## Data extract
▬▬▬

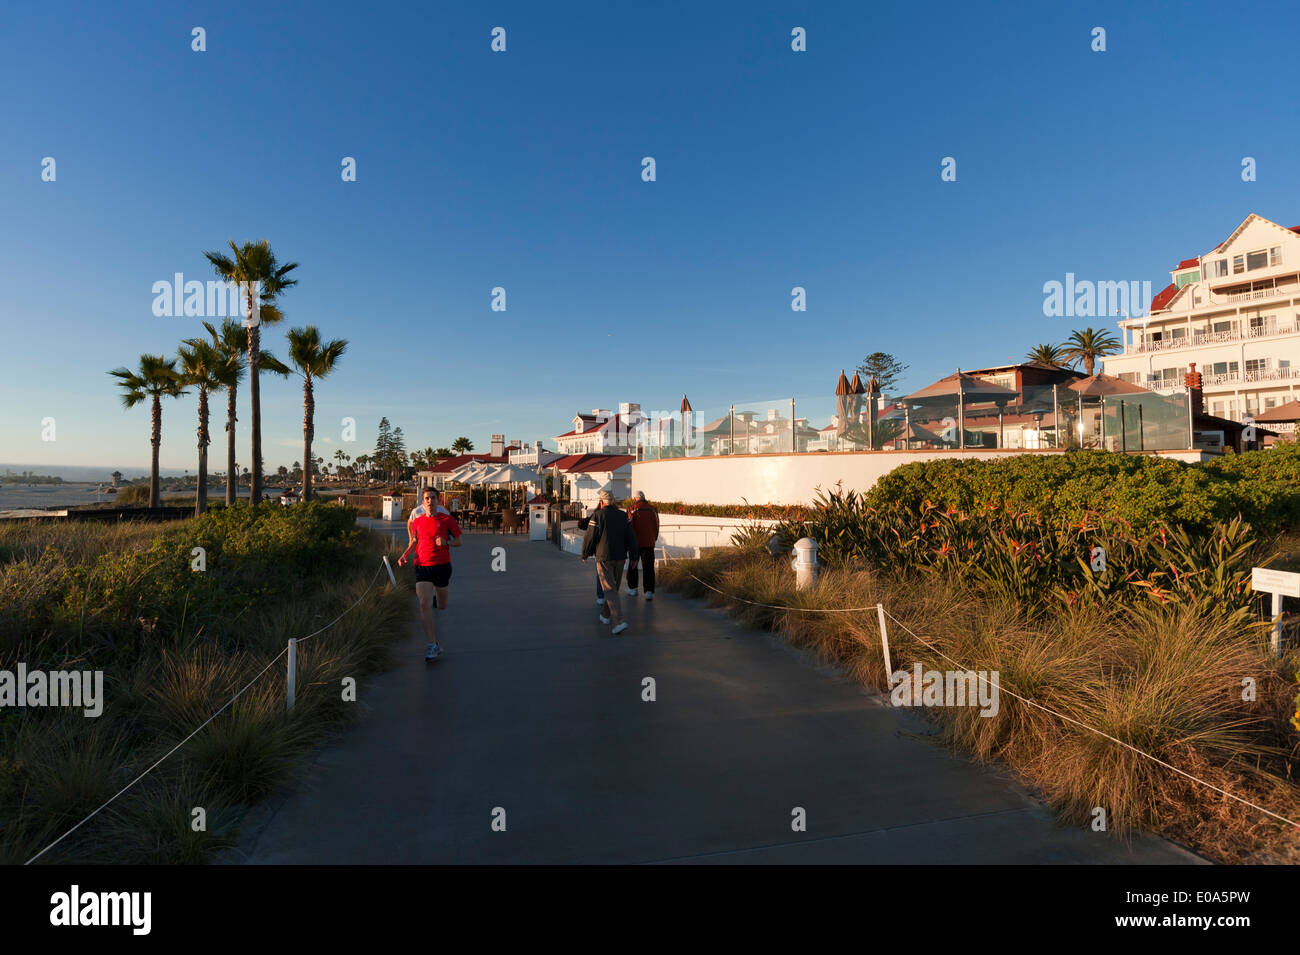 Coronado Island, San Diego, Californie, USA. Banque D'Images
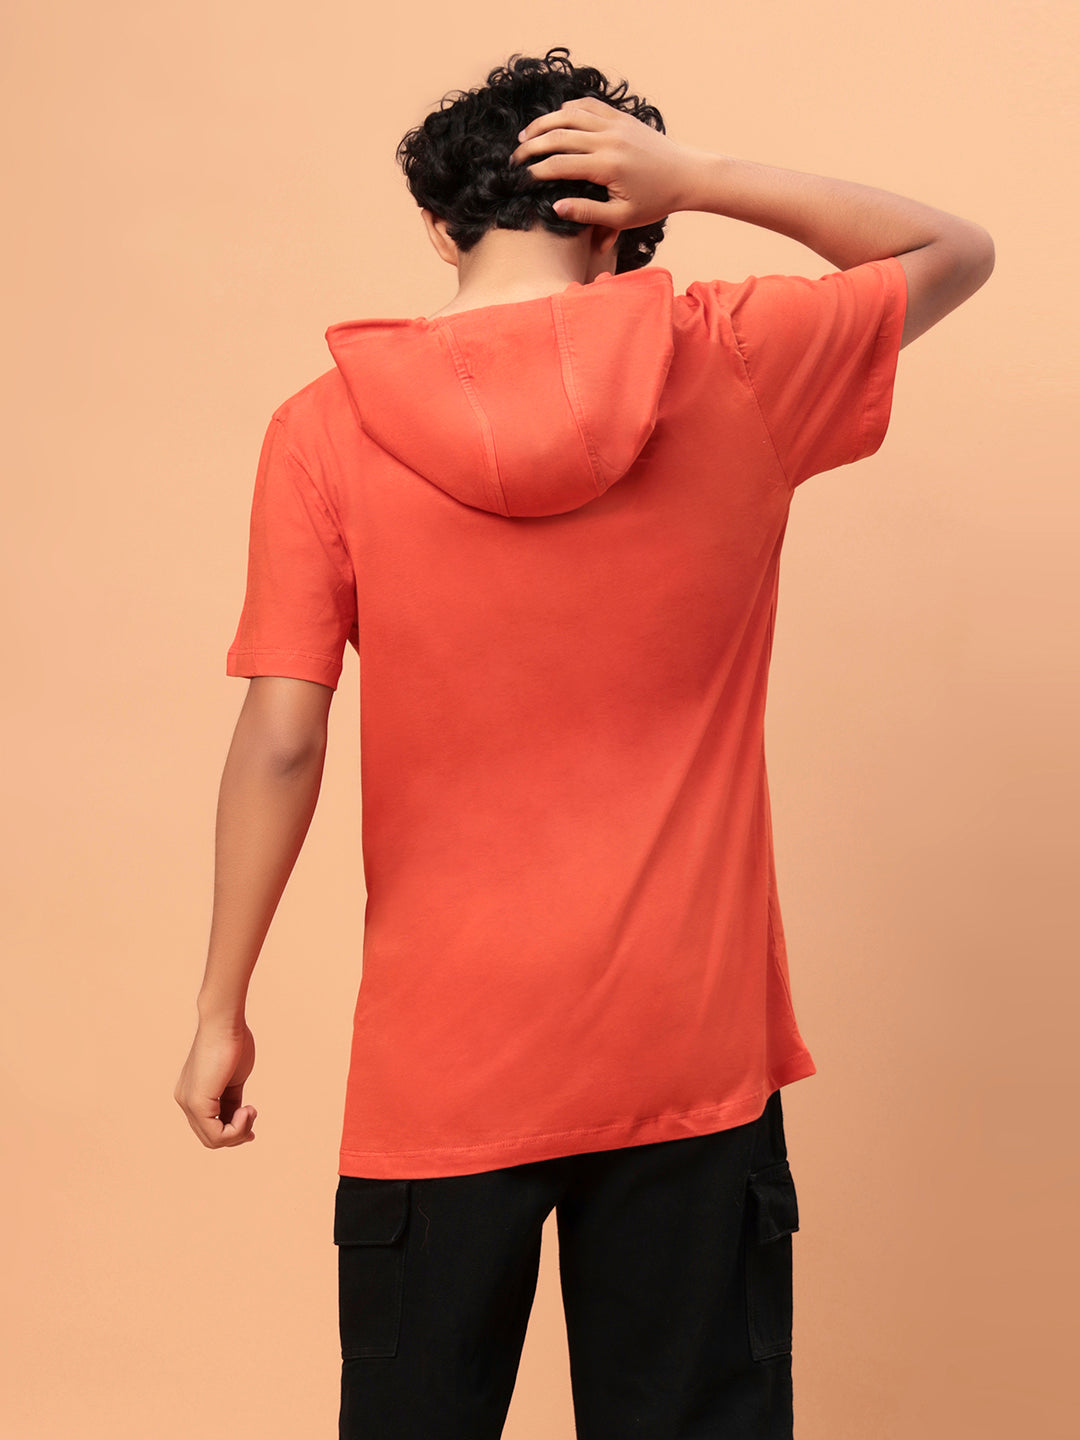 Boys Oversized Hoodie T-shirt-Rust Orange
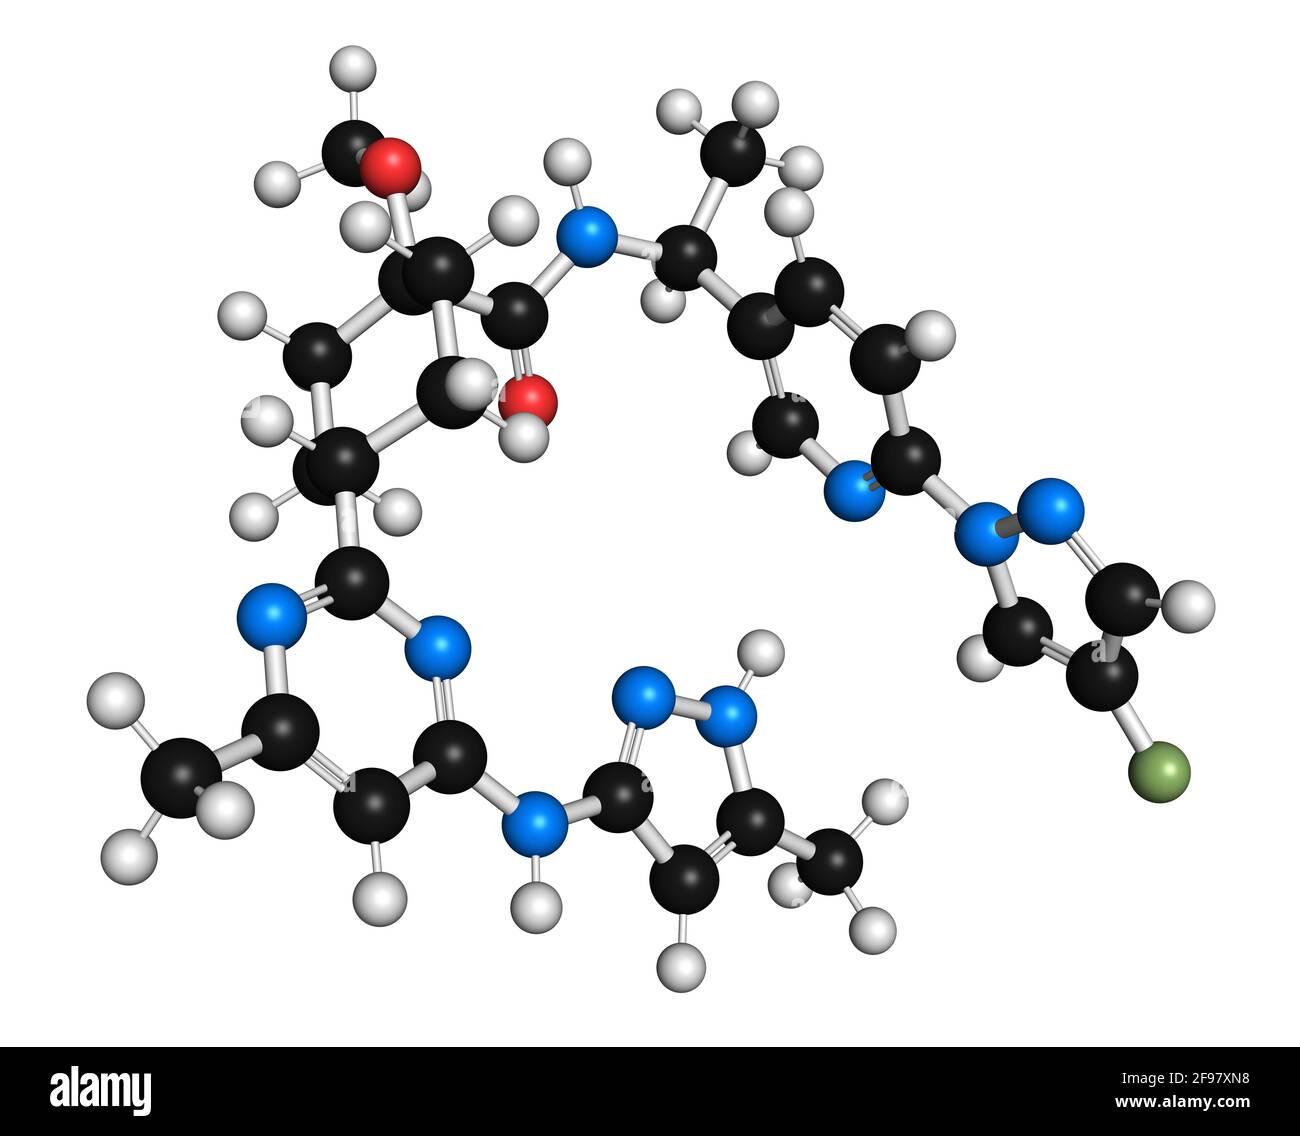 Pralsetinib cancer drug molecule, illustration Stock Photo
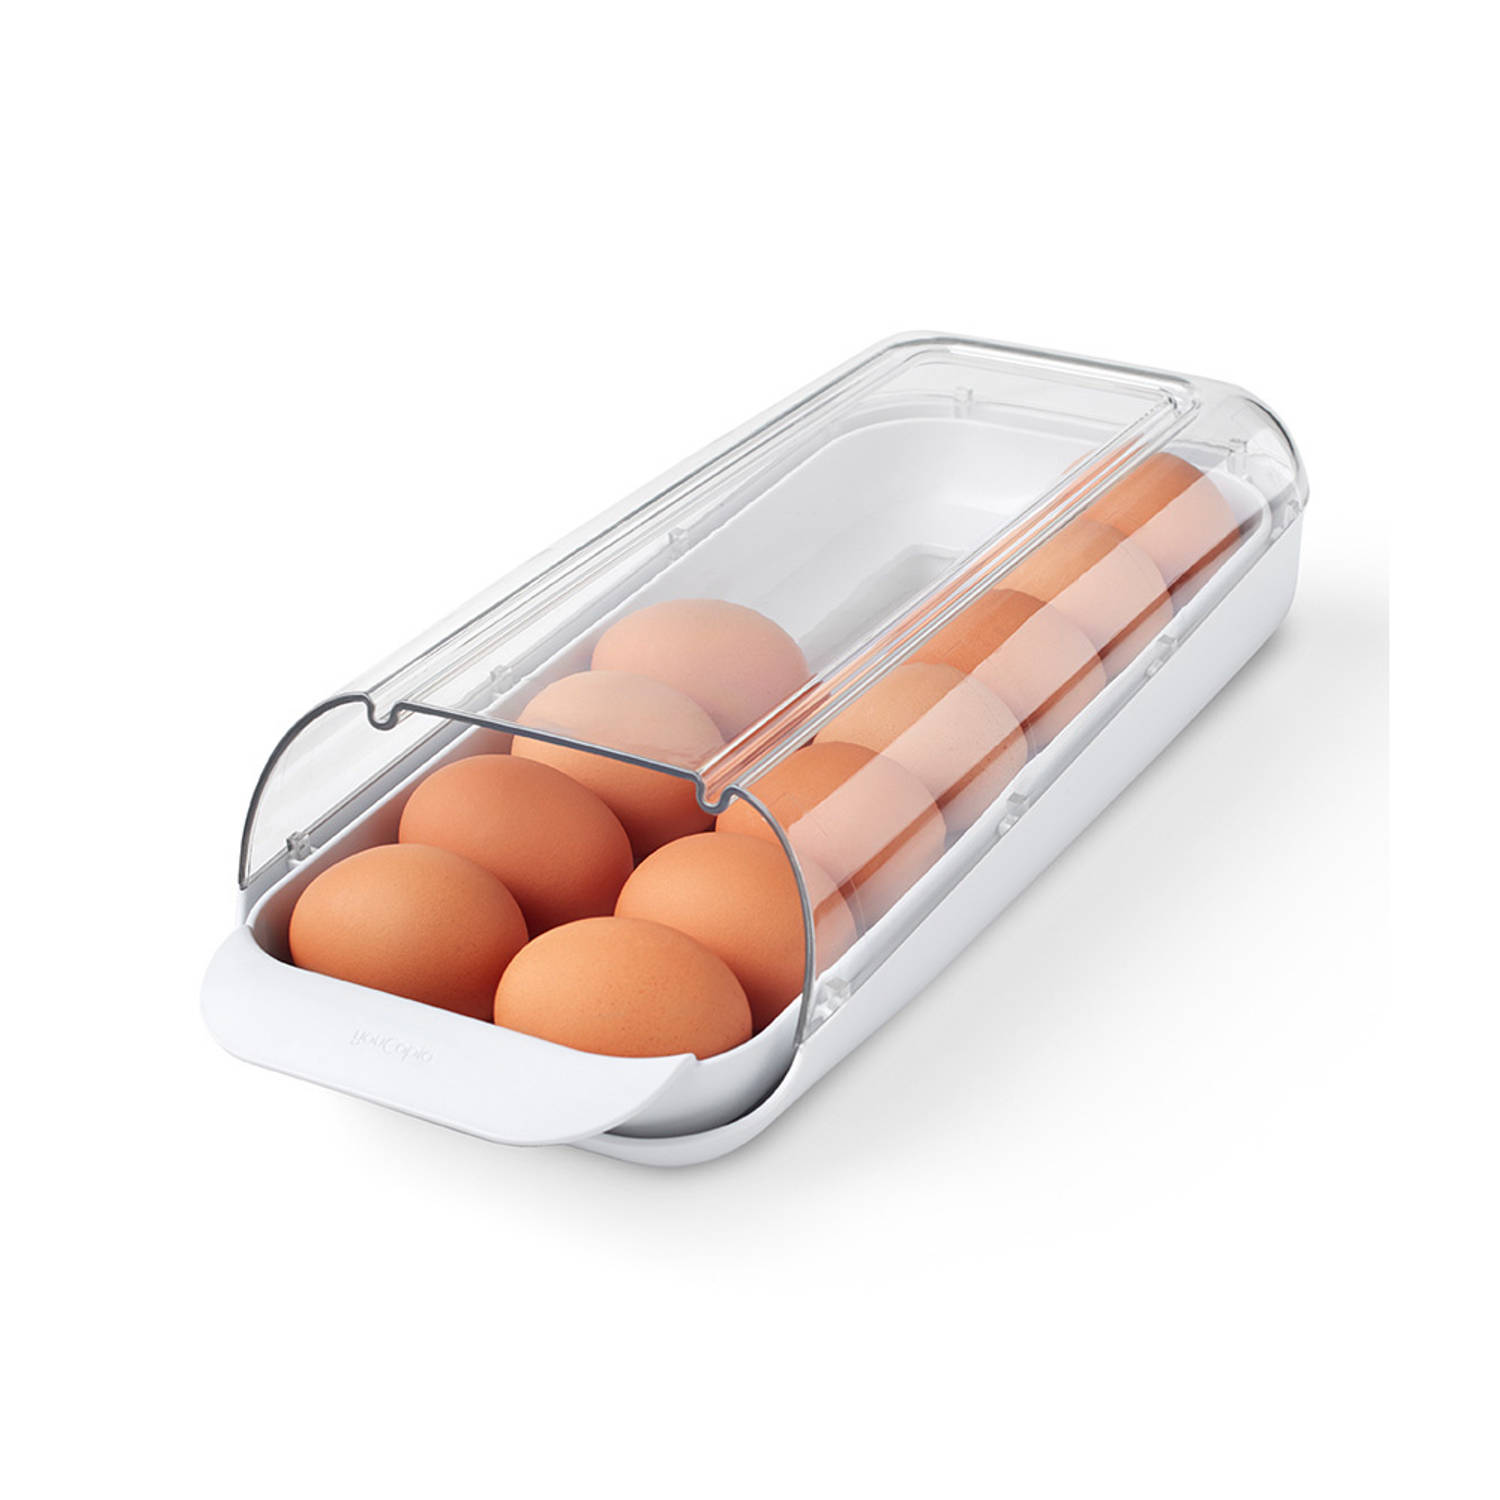 YouCopia Stapelbaar eierbakje dispenser - Wit - Stapelbaar & Met deksel

▬▬▬

## Task to carry out
The reply should repeat the data in full, exactly as given, and contain no pictures.

## The answer
 Coronado Island, San Diego, Californie, USA. Banque D'Images
 Boys Oversized Hoodie T-shirt-Rust Orange
 Pralsetinib cancer drug molecule, illustration Stock Photo
 YouCopia Stapelbaar eierbakje dispenser - Wit - Stapelbaar & Met deksel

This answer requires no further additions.